苦绝转头,望着一旁的玄衣尸首,强扯出一丝笑意,正要松口气。
噗嗤!
一道剑光,自他背后贯穿而出。
苦绝浑身一僵,低头看向胸口。黑白交织的小剑从他心口穿出,剑身之上,生死二气流转不休。
“什.....什么.....”
他难以置信地回头。
只见背后,一尊看似十分熟悉,却又想不起来从何处见过的墨衫禁忌,正笑眯眯地看着他,手中握着剑柄缓缓搅动。
苦绝想要反抗,但生机却被那剑源源不断地抽离,然后化作死气肆虐全身。他愈强,死气也便愈强。
以至于他拼尽全力,也动弹不了一根手指。
剑生两仪,转生为死。
第388章 你值钱的很呢
剑分黑白,透心而过。
众禁忌见到这一幕,目瞪口呆。谁也没想到斩杀幽玄后,会有同伴突然出手,背刺苦绝。
“你、你、你,”有人结结巴巴地开口,他想呵斥对方,却怎么也吐不出一个完整的句子。
那熟悉,却一时想不起名讳的墨衫禁忌,笑嘻嘻地开口道:“怎么,不认得本君了?”
话音落下,众人只觉灵台上蓦然褪去一层薄雾。
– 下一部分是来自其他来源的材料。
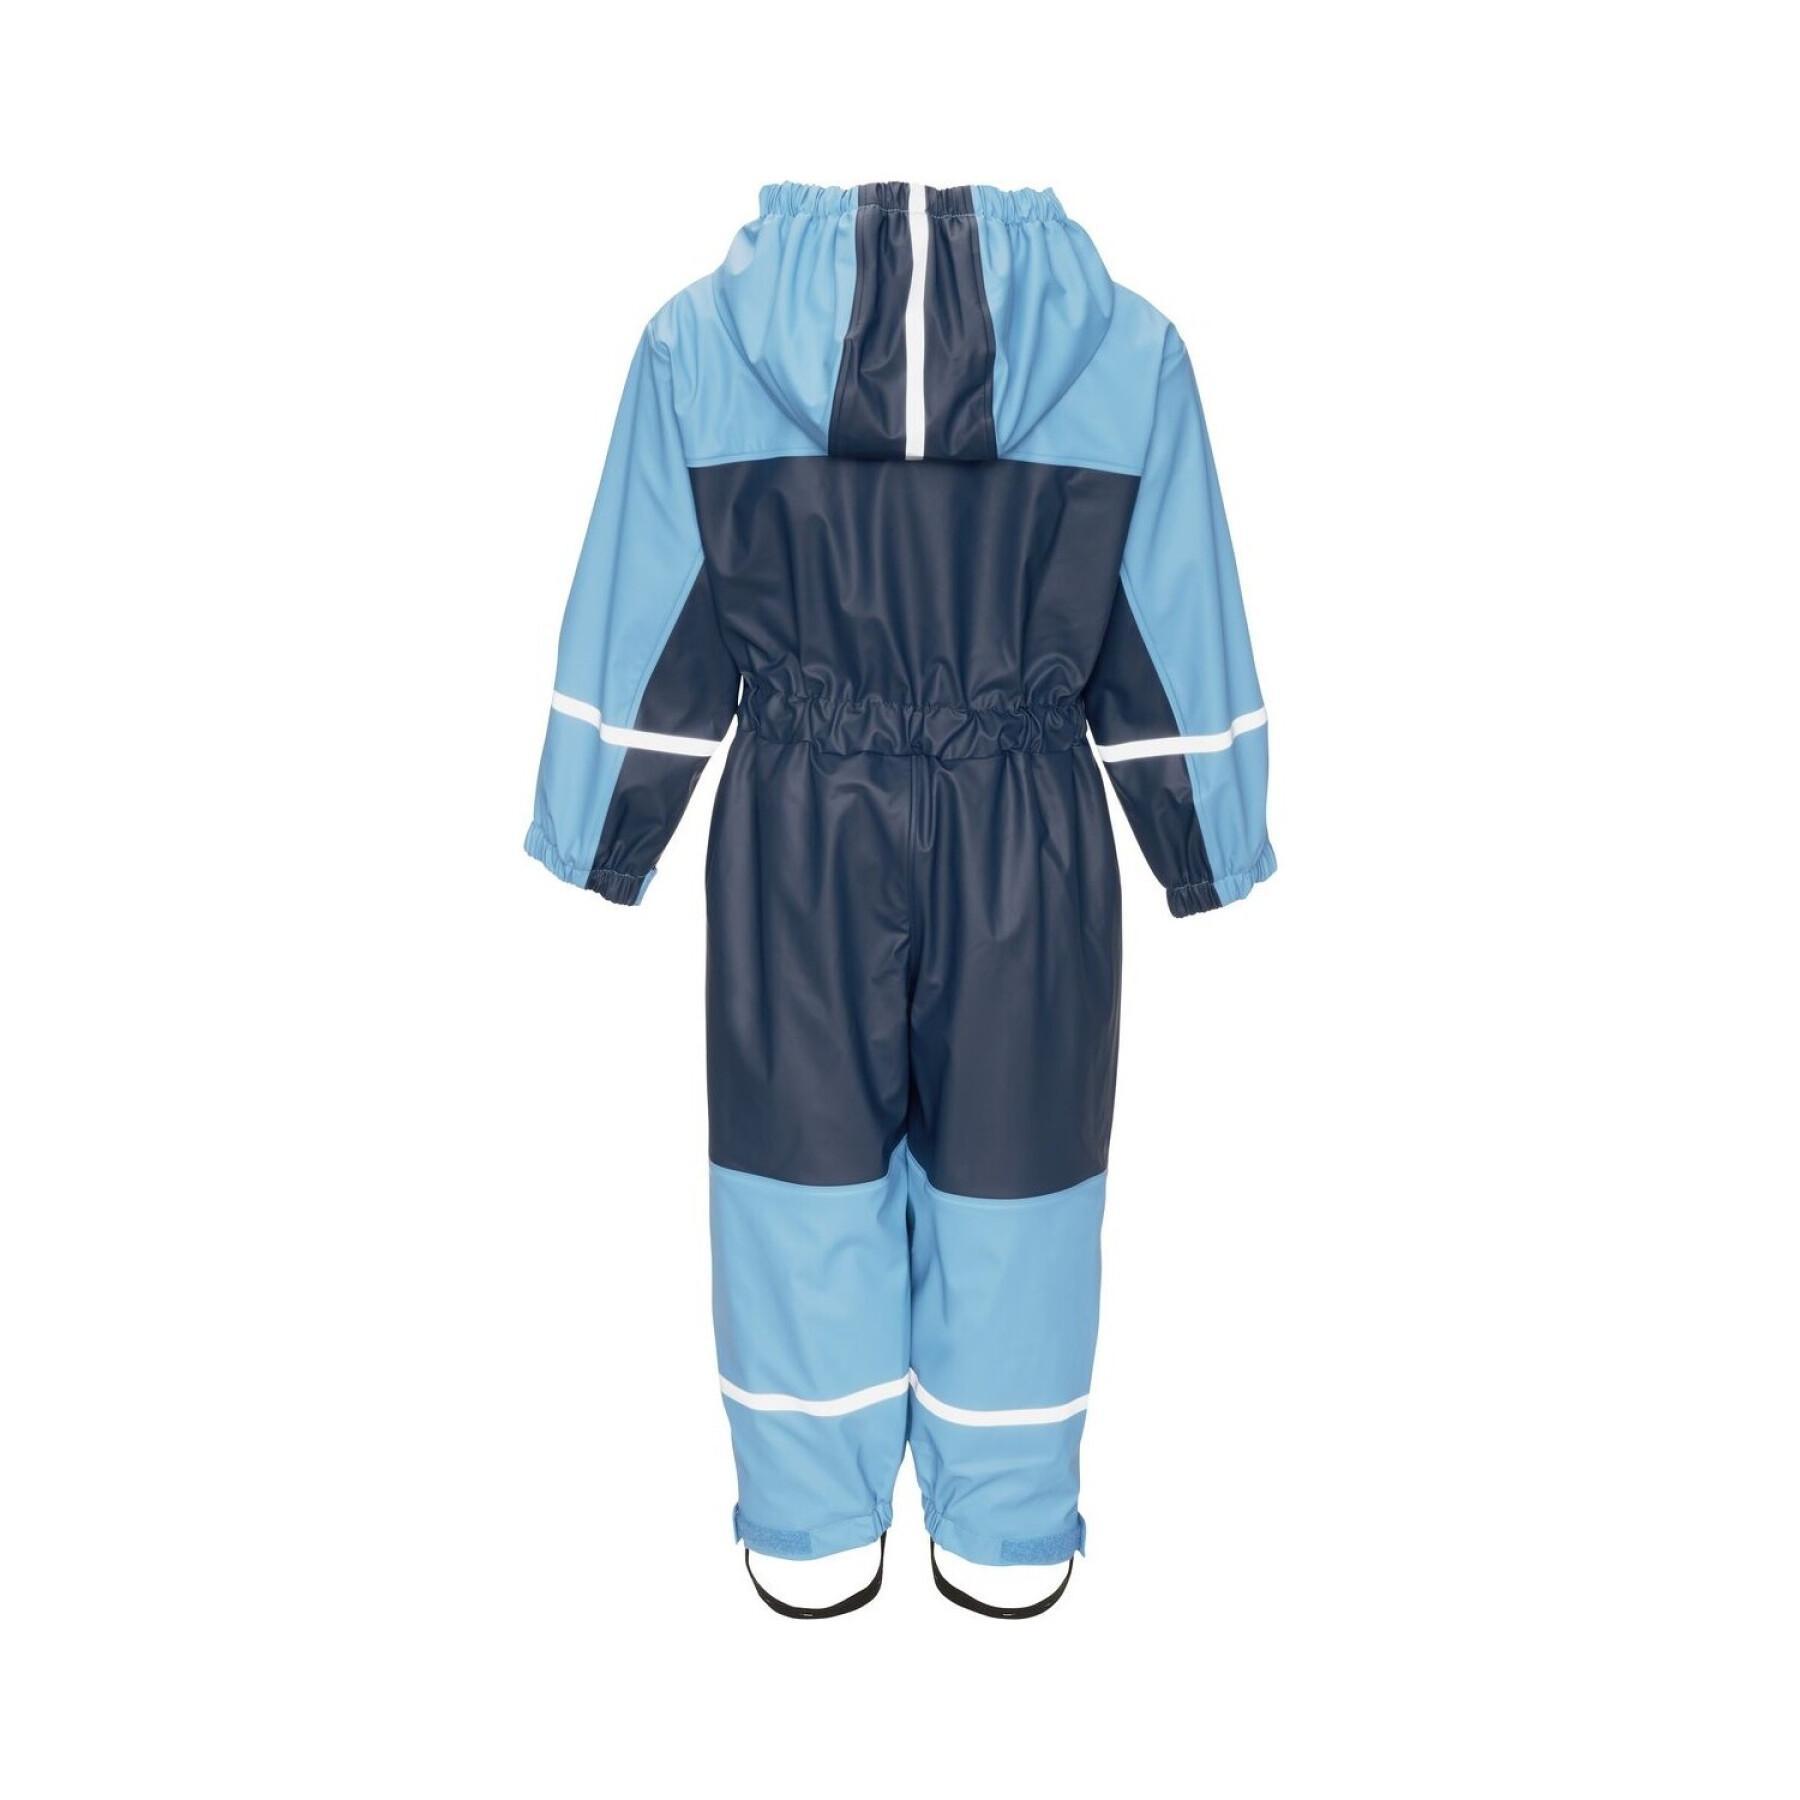 Basic rain suit with baby fleece lining Playshoes
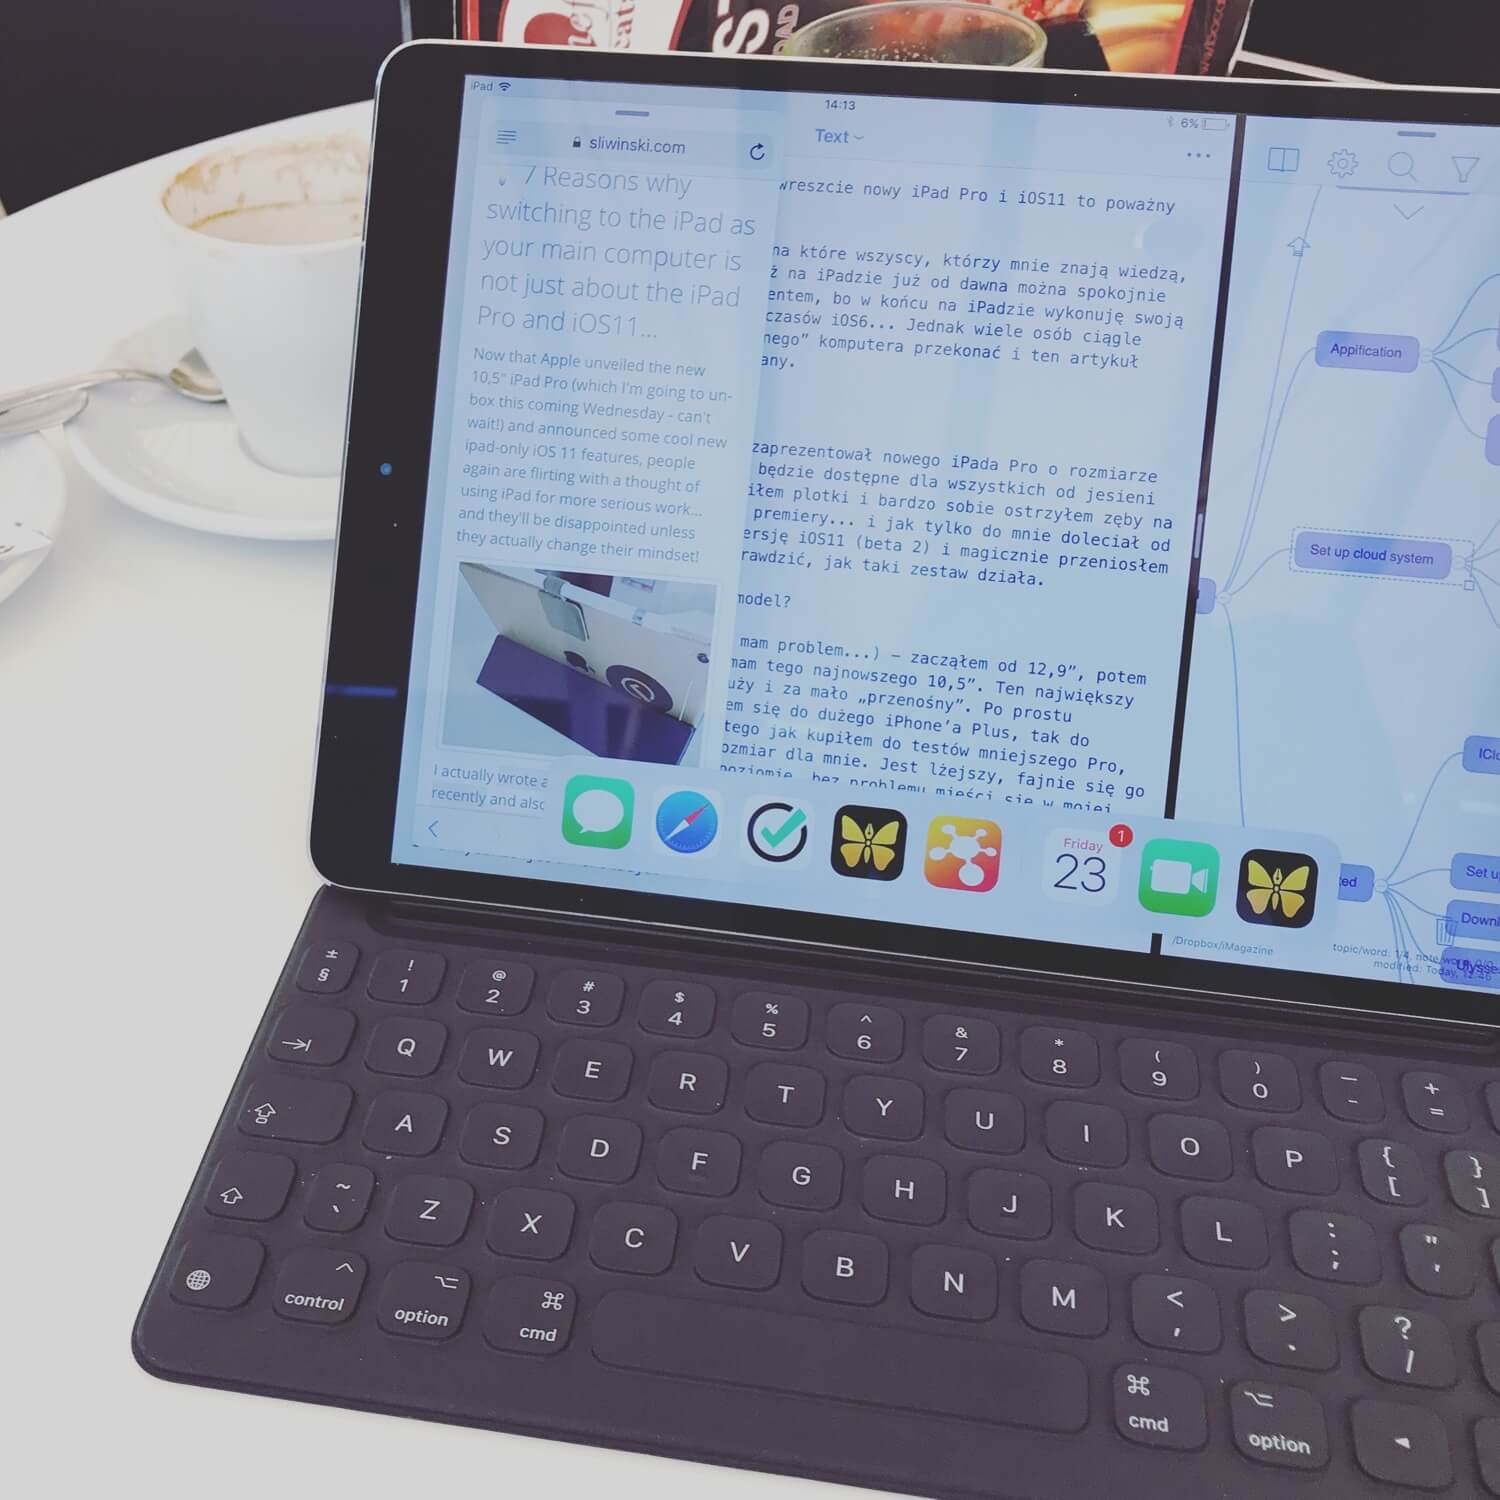 Being #iPadOnly on 10.5” – is the new iPad Pro with iOS11 finally a serious setup for work?

再看墨衫禁忌时,已不似先前那般雾里看花。
他们看看地上的尸首,又看看握剑那人。只觉一种莫名的寒意,缓缓爬上心头。
“幽玄,是幽玄!!”
不知是谁喊了一声,嗓音因恐惧而微微变调。
一众禁忌如临大敌,猛然后撤。霎时间,苦绝附近位置形成一片真空地带,无人敢靠近。
楚墨没有理会吓破胆的禁忌们。他松开剑柄,走到自己的“尸首”旁,目光略带凝重地上下打量。
那尸首静静地躺在地上,周身未见半丝伤痕,神情安详,仿佛只是睡着了而已。但实际上,其生机已被彻底断绝,就连神魂也消融殆尽。
“好生恐怖的杀招,还好我早有准备。”楚墨感慨一声。
方才去见苦绝的,只是一具他我相而已。
既知晓苦绝危险,楚墨自不会亲身犯险,哪怕有阴阳玉也不例外。毕竟,根源究竟多厉害,又怎样表象,都尚不清楚。
万一翻车,他岂不是哭都没地方哭。
可纵使如此小心,那道神妙也差一点顺着联系,将他的本我直接斩杀。
楚墨感应金阙,与那道他我相对应的鬼民已经彻底消散。他不禁摇摇头,看向跪伏在地的苦绝:
“你若再强一些,与根源联系再深一些,说不定还真能要走本君一条命。”
苦绝被两仪剑所侵蚀,气息奄奄。他盯着眼前之人,虚弱地开口,问出了心中的疑惑:“你......你究竟是谁?”
“我?”楚墨一挑眉,说道:“不是早就告诉你了么?本君,幽玄。”
“咳咳。”苦绝咳出一口灵性,“不.....,吾的意思是......你到底是个什么东西?”
为什么比怪谈还要怪谈,比禁忌还要禁忌。
“呵呵,想不通就不要想了。”楚墨温和一笑,轻声安慰。
他走上前,在苦绝的身上摸索了一会后,掏出了一枚金色令牌。楚墨略扫一眼令牌,旋即眼底闪过一丝诧异。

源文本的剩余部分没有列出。